Ein Leben in aller Stille

Ganz heimlich schleichen sie durch die Wälder des Juras, und kaum jemand bekommt sie je zu Gesicht: Wildkatzen. Die Tiere profitieren von den milden Wintern und ver­mehren sich sogar. Leider sind dabei oft auch Hauskatzen beteiligt, was ungünstig ist.

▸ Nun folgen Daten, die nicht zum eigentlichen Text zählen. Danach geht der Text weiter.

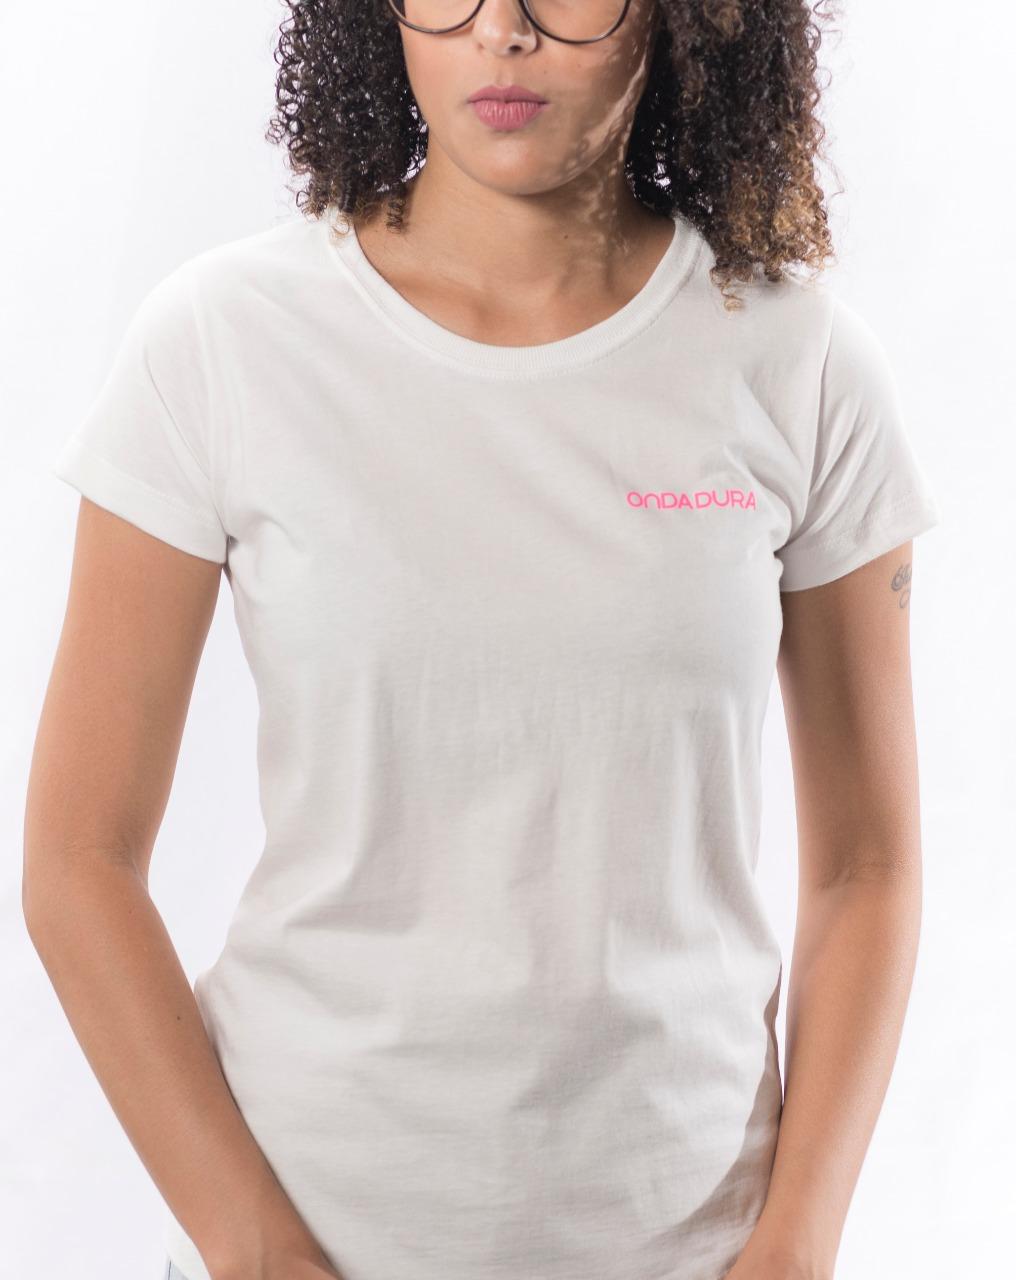 Babylook branca com logo Onda Dura rosa neon no peito

Katzen sind für uns Haustiere. Dabei wird oft nicht wahrgenommen, dass es sie hierzulande auch freilebend gibt. Nicht etwa streunende Stubentiger, sondern waschechte Wildkatzen. Die Tiere leben zurückgezogen im Wald, sind meist abends oder nachts aktiv, sodass kaum jemand Notiz von ihnen nimmt. «Bei uns kommt die Europäische Wildkatze im Jura und dessen Ausläufern vor», erzählt Zoologin Marianne Hartmann, die deren Verhalten seit über 20 Jahren erforscht. «In den letzten zehn Jahren hat ihr Bestand zugenommen. Eine genaue Zahl gibt es nicht, da sie so heimlich leben. Sie tauchen aber an Orten auf, wo es sie bisher nicht gab.» Mit ein Grund, dass es ihnen zurzeit so gut geht, seien wohl die milden Winter der letzten Jahre. Bei zu viel Schnee finden die sonst ausgezeichneten Jäger keine Nahrung mehr, die zu über 90 % aus Mäusen besteht.

Die grösste Bedrohung der hiesigen Wildkatzen ist die Fortpflanzung mit Hauskatzen, wodurch die Gene verloren gehen. «Gerade bei uns gibt es viele Mischlinge – vermutlich, weil wir am Rande einer grossen Population sind, die es in Frankreich und Deutschland gibt», sagt Hartmann. «Die Jungtiere wandern weiter und finden dann keine Artgenossen mehr, um sich fortzupflanzen, nehmen also, was da ist: Hauskatzen.»

Im Unterschied zur Hauskatze hat das graue oder bräunliche Fell der Wildkatze kaum eine Zeichnung, der Schwanz ist buschiger und weist schwarze ­Ringe auf. Da junge Wildkatzen ­genau wie junge Hauskatzen ­aussehen, sollte man nie vermeintlich verlassene Büsi aus einem Wald mitnehmen. Die Tiere können in einem normalen Haushalt nicht aufwachsen, denn sie sind selbst in Gefangenschaft nicht zähmbar. Wild und frei eben!